Miranda locked up the house, texted Bo to tell him where she’d hidden a spare key in case he came back, and set off to the village shop. She was hoping to do some serious stocking up and decided that using the village shop would be far more interesting than a trip to the nearest supermarket, nine miles away. She needed quite a lot of supplies and wasn’t sure if the shop did deliveries (where was Ocado when you needed it?), but there was an old-fashioned wicker shopping trolley being decoratively chic in the hallway so she took the umbrellas out of it and almost laughed as she considered how she wouldn’t be seen dead with such an item back home on the Chiswick High Road. The shopping trolley of shame, she thought, practising manoeuvring it on the path and doing a little dance
with it, thinking along the lines of Fred Astaire with a cane, before she headed off down the hill. Although maybe back home among the thousands of fit young fashion-forward mummies pushing top of the range baby buggies it would count as retro enough to look kind of edgily ironic.

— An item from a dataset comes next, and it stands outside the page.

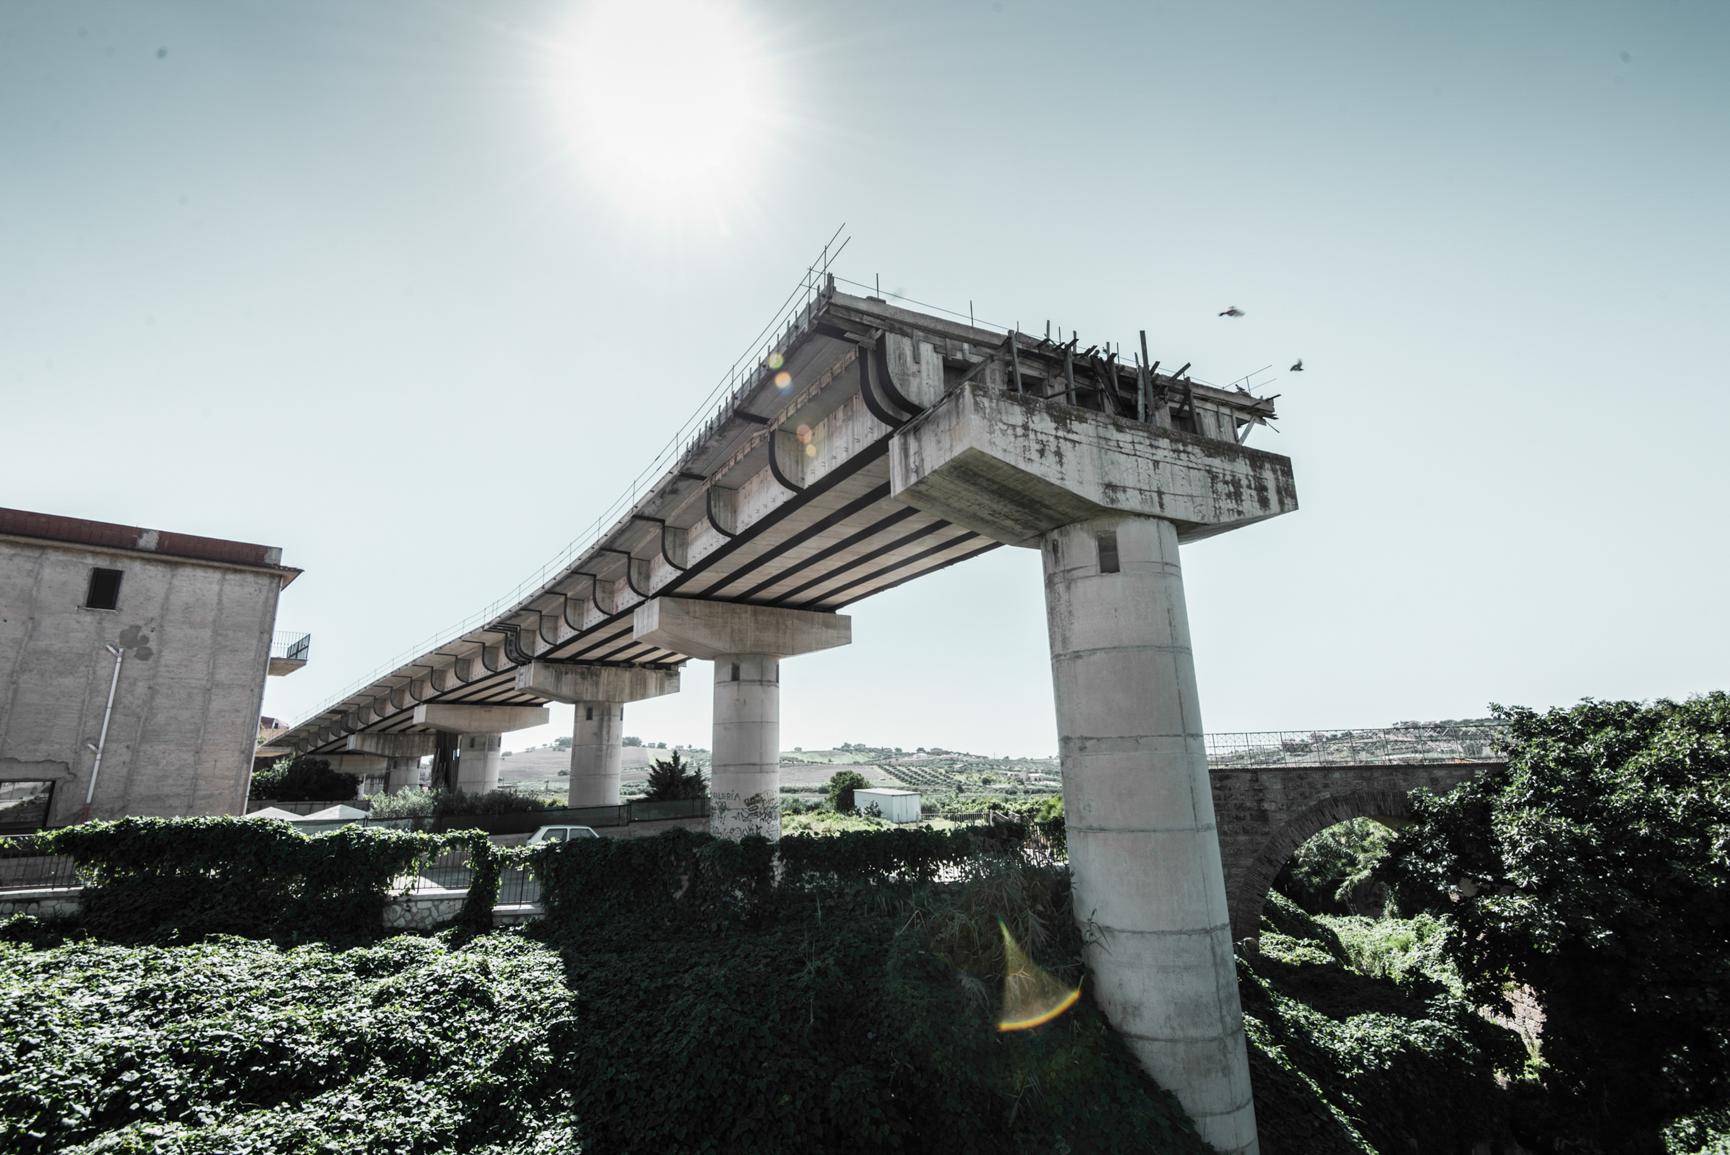 Siculiana (agrigento) ponte sospeso  (4).jpg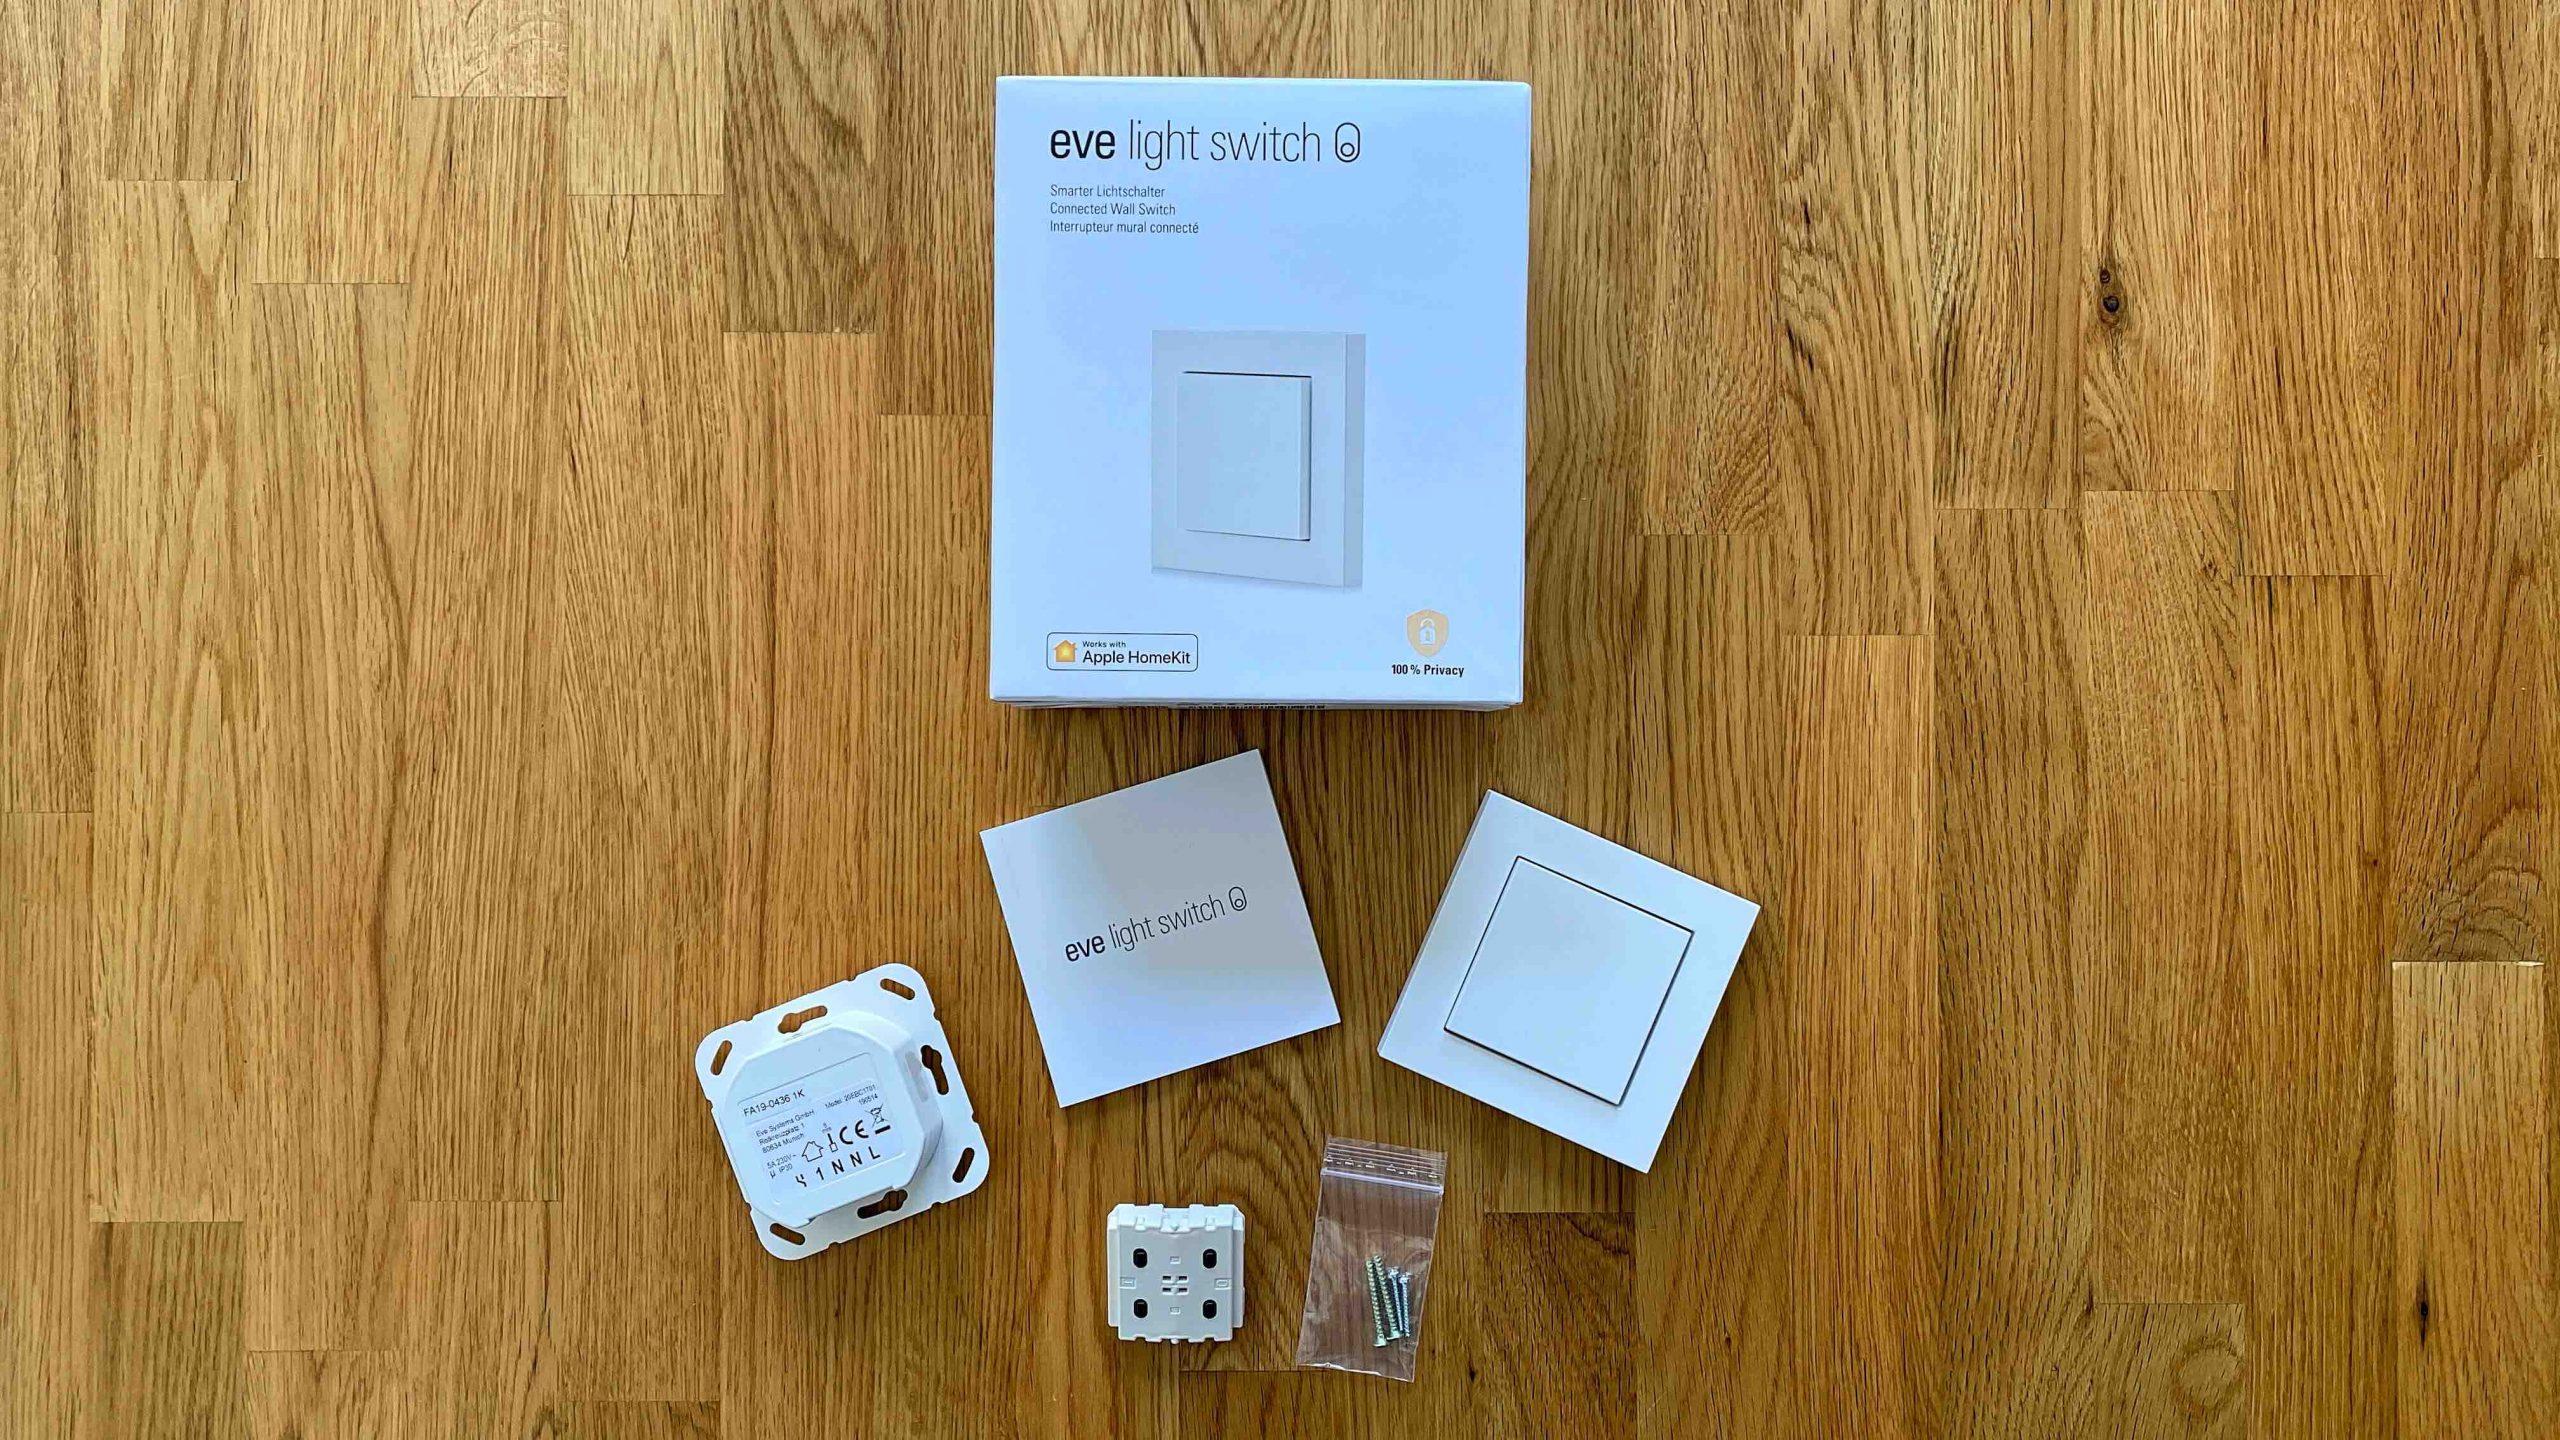 Eve_Light_Swtich_Apple_HomeKit_SmartHome_Schalter3-scaled Eve Light Switch - der ideale Lichtschalter im Apple HomeKit Zuhause

The shop was busy. It had been extended a long way back from how Miranda remembered it and was no longer gloomily dark-shelved, tatty and a bit forbidding but all light wood fittings, smart rubber flooring and pale turquoise paint. A big heap of wicker picnic baskets was down by the deli counter, each of them name-labelled for customers. The place seemed to be doing a tremendous trade, making up gourmet picnic lunch orders for those who were too holiday-relaxed to want the bother of putting together a sandwich or two for the beach. Good call, whoever had thought of that. Children hovered around their parents, scooping up extras in terms of fancy crisps (no Monster Munch here) and heritage apples displayed in wooden trugs. Someone was also being very enterprising with ready-cooked food and the shop’s freezer was crammed with home-made, hand-labelled lasagne, fish pies, organic chicken casseroles and aubergine moussaka.

‘Bloody ’ellfire, they see you coming, here,’ a northern-accented voice commented to the shop in general. A stout woman in a navy and white striped top
peered into the freezer cabinet and held up a pack of monkfish goujons. ‘Would you look at the price of these, and they’re not even Bird’s Eye. I didn’t expect to have to take out a bleedin’ mortgage for a packet of fish fingers.’

Miranda couldn’t see any wire baskets so used her shopping trolley to collect what she needed, piling in an extravagant few packs of ready-cooked frozen boeuf bourguignon that they could have the next day. For tonight, she chose a fish pie for Clare and the children, realizing she’d be off doing the airport run for most of the evening and wouldn’t be home for supper. She grabbed brown paper bags and loaded them with tomatoes, mixing up a chic selection of red, stripy and yellow ones, plus knobbly pink fir apple potatoes, a stack of grubby-looking mixed salad leaves, avocados, chicory and some dark, crinkly
cavolo nero
which she was pretty sure Silva would eat so long as the word ‘cabbage’ wasn’t mentioned. Just as she was studying the deli counter in search of ingredients for a sandwich she could eat in the car on the way to Newquay, a man came in from the back of the shop and spoke to the assistant, whom Miranda recognized as the rude blonde girl who’d snapped about ‘bloody trippers’ at the pub the night before. And he was the one she’d thought resembled Steve. She edged away to a safe distance to get a good look without his noticing her. If it wasn’t Steve, it was someone incredibly closely related to him. It if
was
him, she didn’t particularly want him to see her, not just yet anyway. In fact, to be honest, not without fair warning and a good go at her make-up.